What do you mean by terraform specific parser and hcl specific parser? The library uses only one parser: https://github.com/amplify-education/python-hcl2/blob/fc8805e8ee0a72e6c4db9feea711ead4391171fa/hcl2/parser.py#L10-L16 .tf files are written in HCL2 language.

RPitt commented 4 months ago

Just to note that we also recently ran into problems parsing terraform projects after upgrading from 4.3.0 to 4.3.4

The problem can be reproduced in 4.3.4 using a simple hcl format data file like so:

somedata = {
  number = 8 * 1024
  number2 = 4
}

which results in: Unexpected token Token('__ANON_3', 'number2') at line 3, column 3.

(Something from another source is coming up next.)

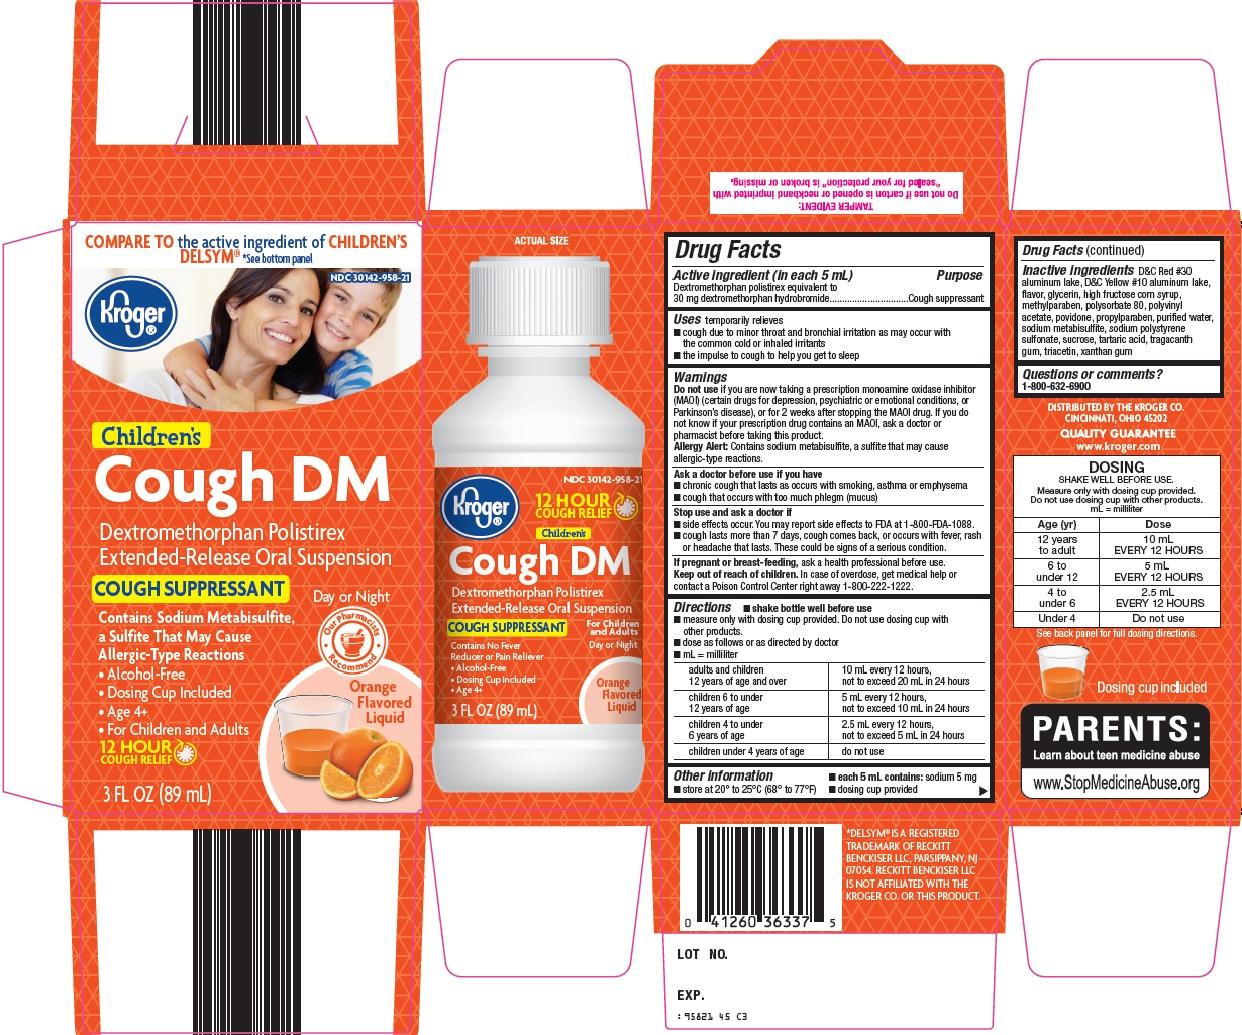 Kroger Cough DM image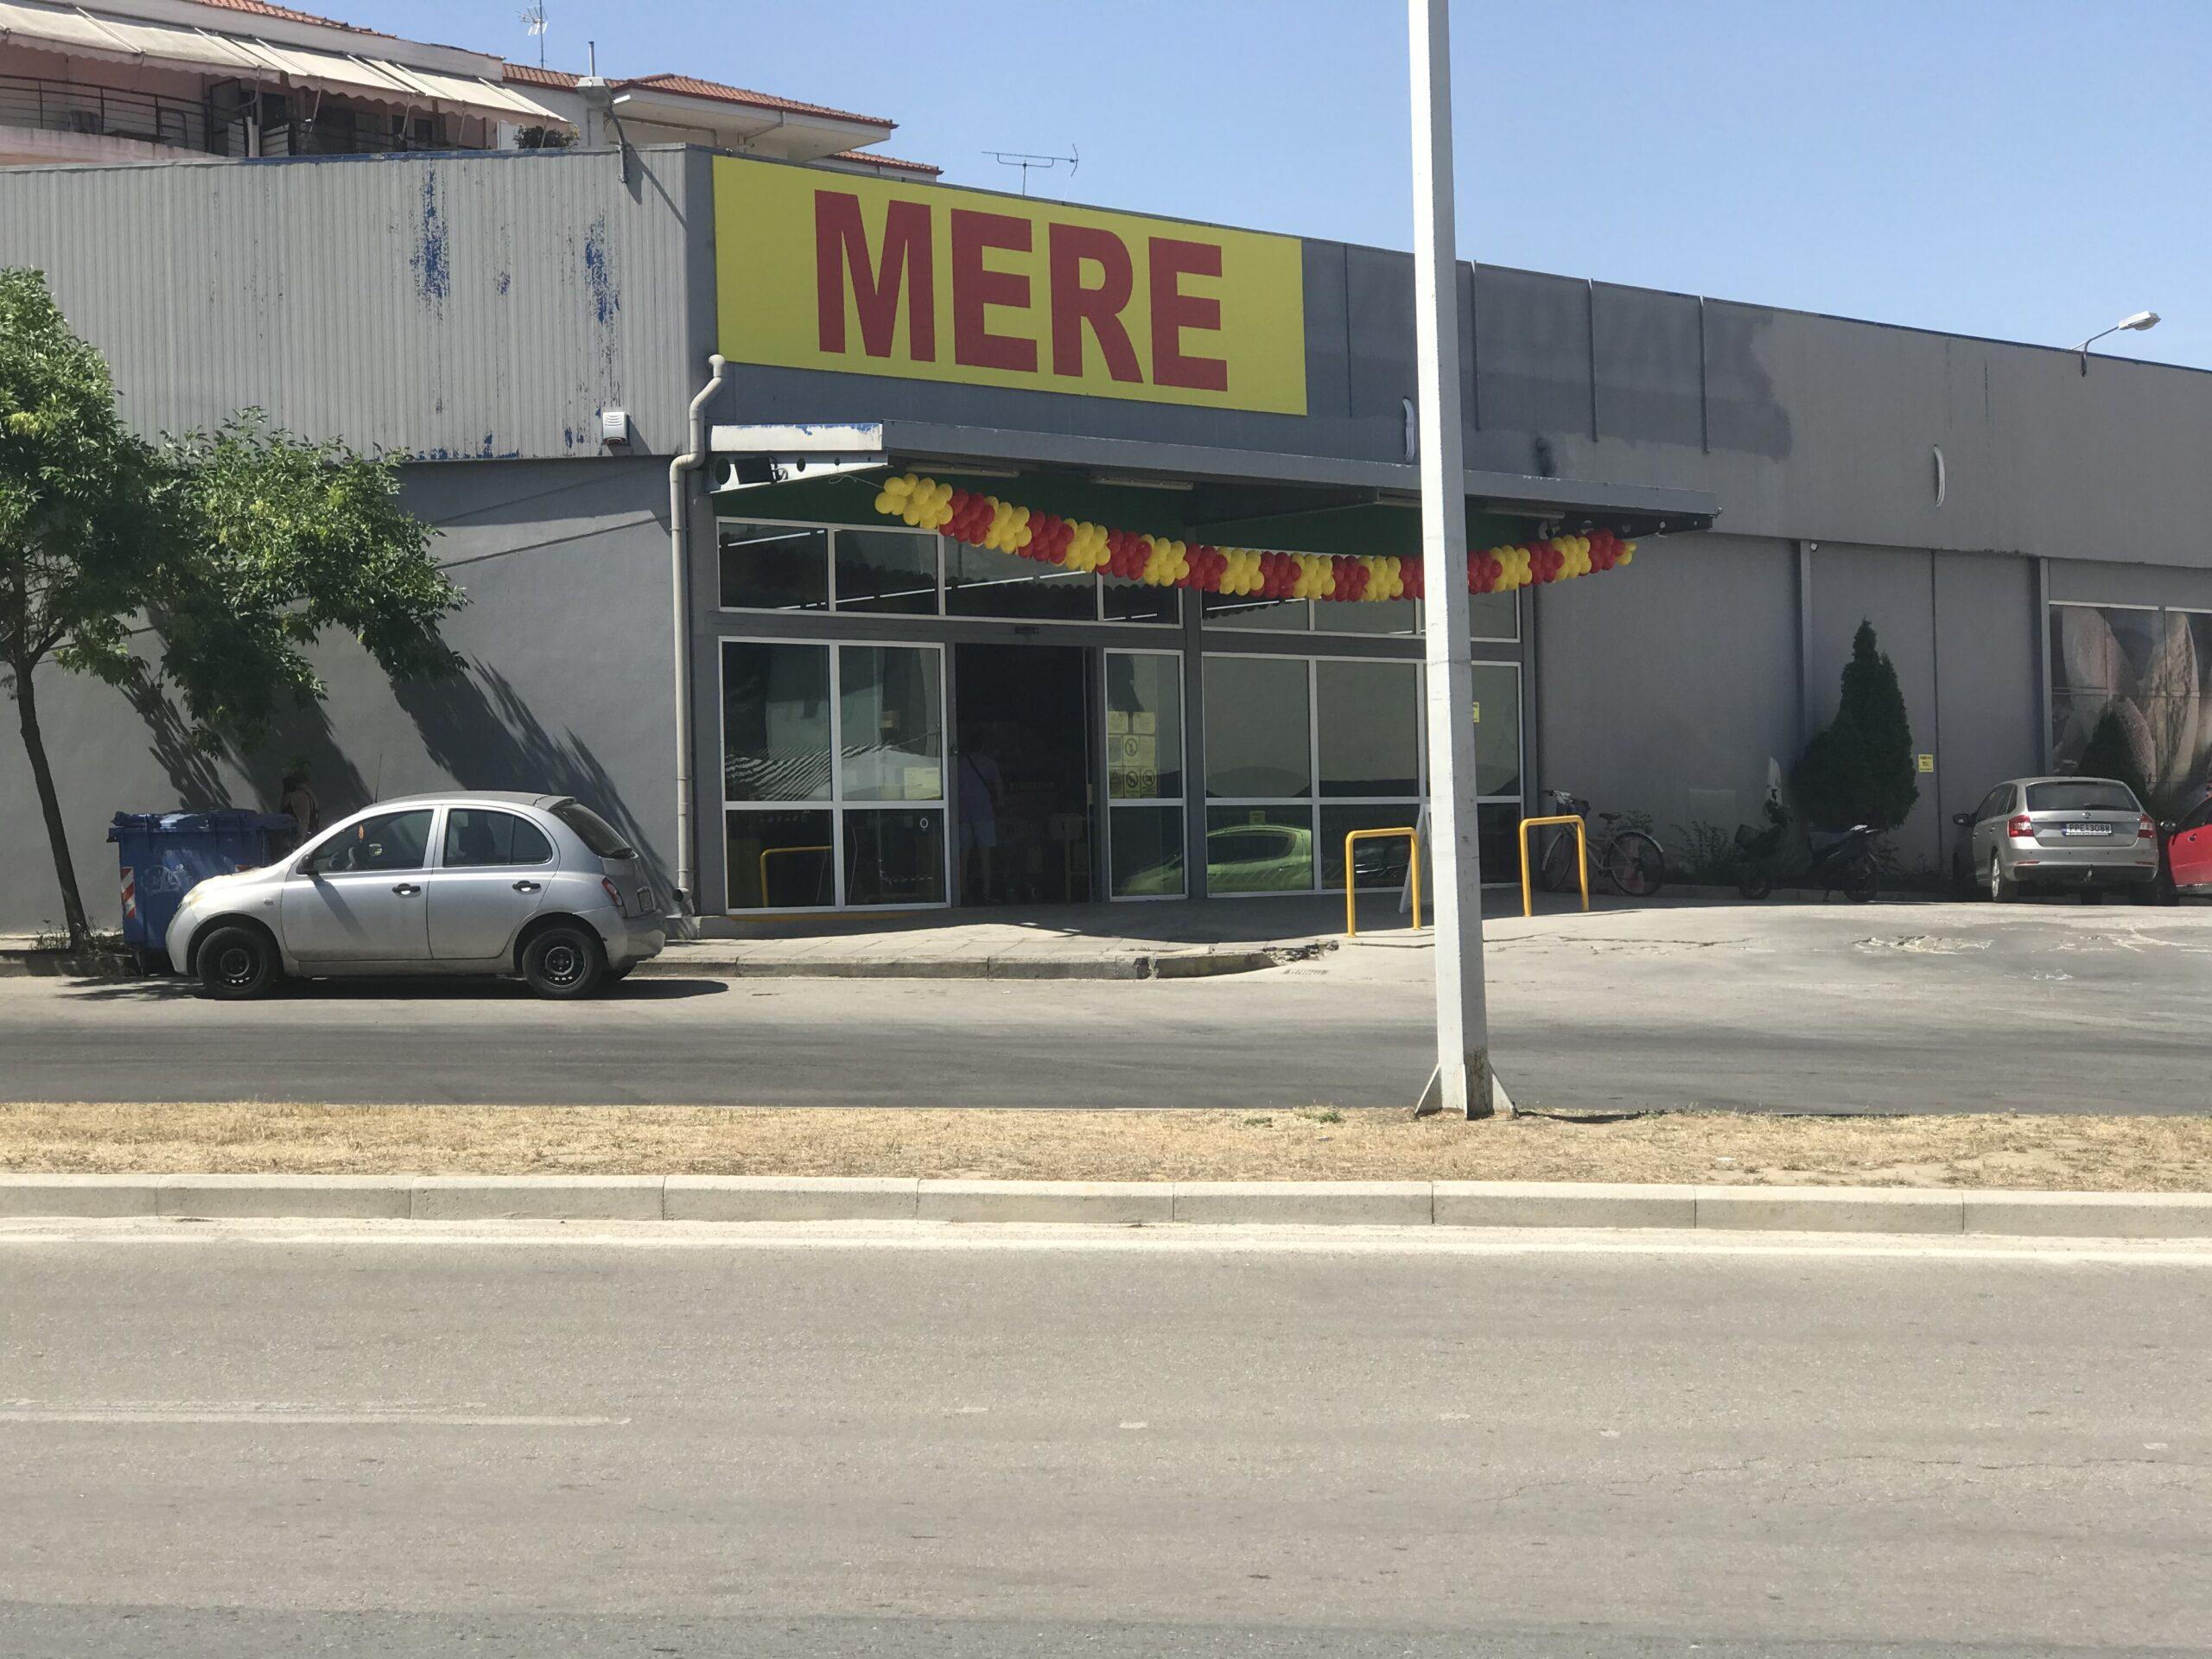 Ένα διαφορετικό σούπερ μάρκετ άνοιξαν οι Ρώσοι στη Λάρισα (φωτογραφίες)

So presumably the issue is that recent changes broke the parsing of arithmetic expressions such as 8 * 1024

update: it's not just arithmetic expressions, see link added below

DevGumbo commented 4 months ago

What do you mean by terraform specific parser and hcl specific parser? The library uses only one parser:

https://github.com/amplify-education/python-hcl2/blob/fc8805e8ee0a72e6c4db9feea711ead4391171fa/hcl2/parser.py#L10-L16

.tf files are written in HCL2 language.

I mean, that in reading HCL within terraform and its objects breaks on the specified version but will make the terragrunt hybrid HCL work.

so when on on the older versions of this language pack, i am able to work with the terragrunt hybrid HCL/GO componenets with no issue, but the TF HCL has problems with question marks and ternaries.

If if upgrade, the newer version will be able to handle the hybrid terraform HCL better, but now the Terragrunt Hybrid HCL\GO object blocks wont parse and throw the errors stated above.